岸田文雄首相は10日、臨時国会閉幕を受けて首相官邸で記者会見に臨んだ。防衛力強化の内容、予算とともに、増税を含む安定財源を年内に決定する方針を強調。「この3点を三位一体で国家の意思として毅然(きぜん)として内外に示す。強い決意を持って臨んでいく」と述べた。

 首相は「(防衛力の)維持・強化の裏付けとなる財源は不可欠だ」と指摘。「財源確保のあらゆる努力をした上で、最終的に国民に一定の負担をお願いせざるを得ない」と述べ、歳出改革を徹底するなどしても増税に踏み切る必要はあるとの認識を改めて示した。

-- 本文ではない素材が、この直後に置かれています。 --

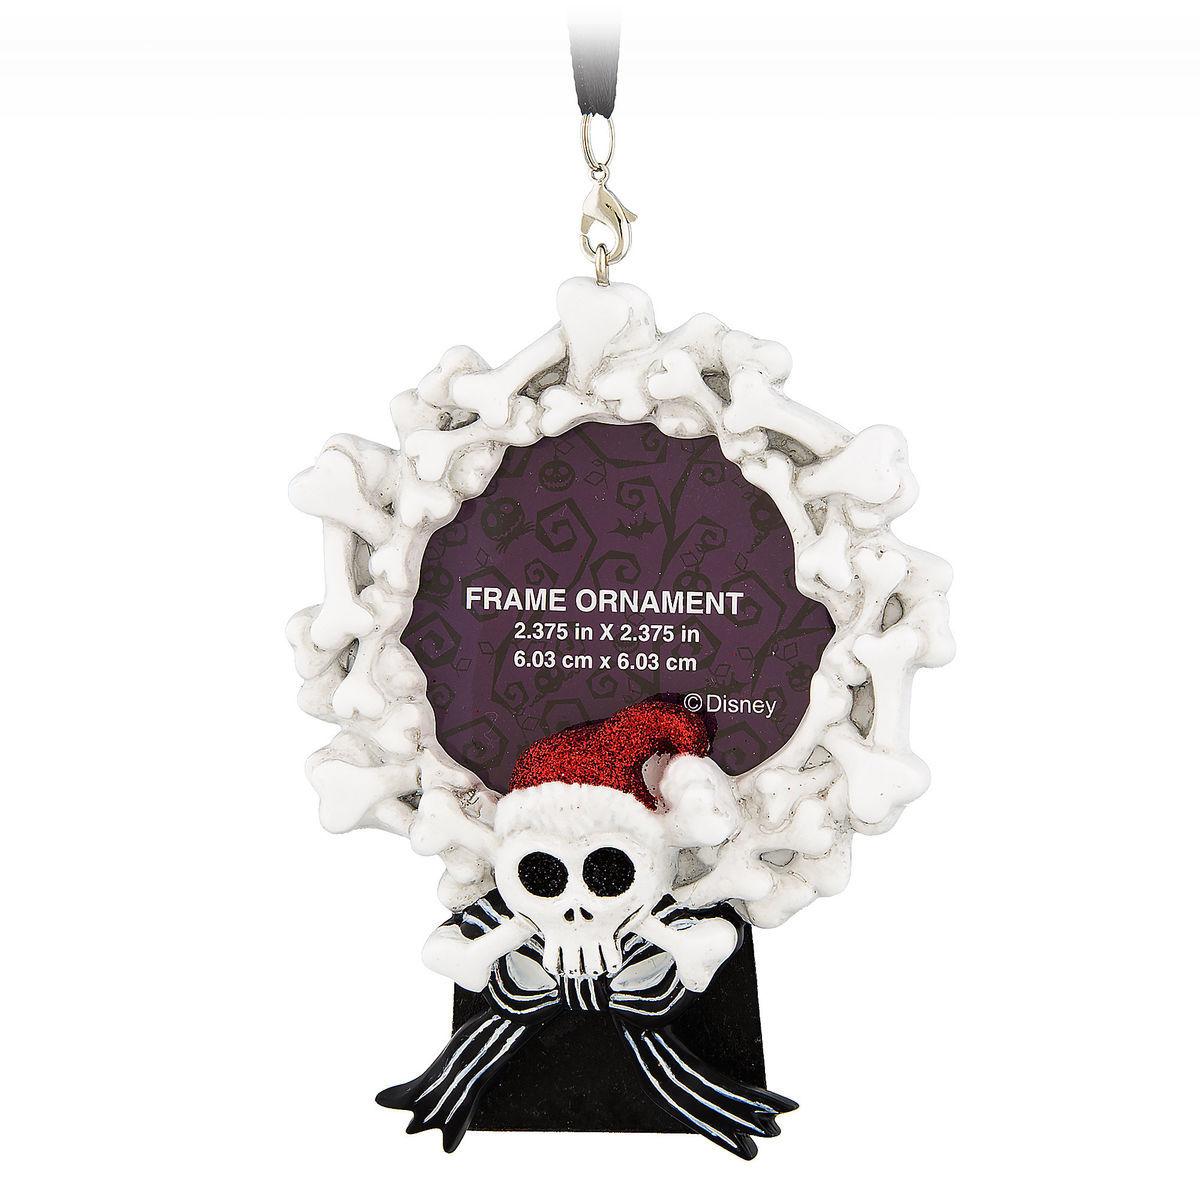 Disney Frame Ornament Jack Skellington Bone Wreath

 ただ、増税の開始時期については「柔軟に対応していく」と表明した。政府は2027年度時点で1兆円強を増税により賄う方針で、それまで税率を段階的に引き上げることを検討するとしている。
 増税を巡り自民党内には「拙速」との批判が出ている。首相はこれに関し、「今年の初めから(予算や財源の)議論を積み重ねてきた」と反論。防衛財源としての国債発行について「未来の世代に対する責任として、取り得ない」と否定した。
 首相は近く決定する安全保障関連3文書について「安保政策、財政政策の大きな転換だ」と訴えた。
 内閣改造については「現時点で考えていない」と明言。防衛増税を争点とした衆院解散・総選挙に関しても「全く考えていない」と否定した。
 首相は、来年5月に広島市で開催する先進7カ国首脳会議(G7サミット)に関し、「武力侵略も核兵器による威嚇も国際秩序の転覆の試みも、断固として拒否する強い意思を示したい」と強調。日中関係について「建設的かつ安定的な関係」の構築に向けて「首脳を含むあらゆるレベルで意思疎通を行う」と語った。
 新型コロナウイルス感染症に関しては、「この年末年始を乗り越え、来年は平時の生活を全面的に取り戻そう」と対策継続を呼び掛けた。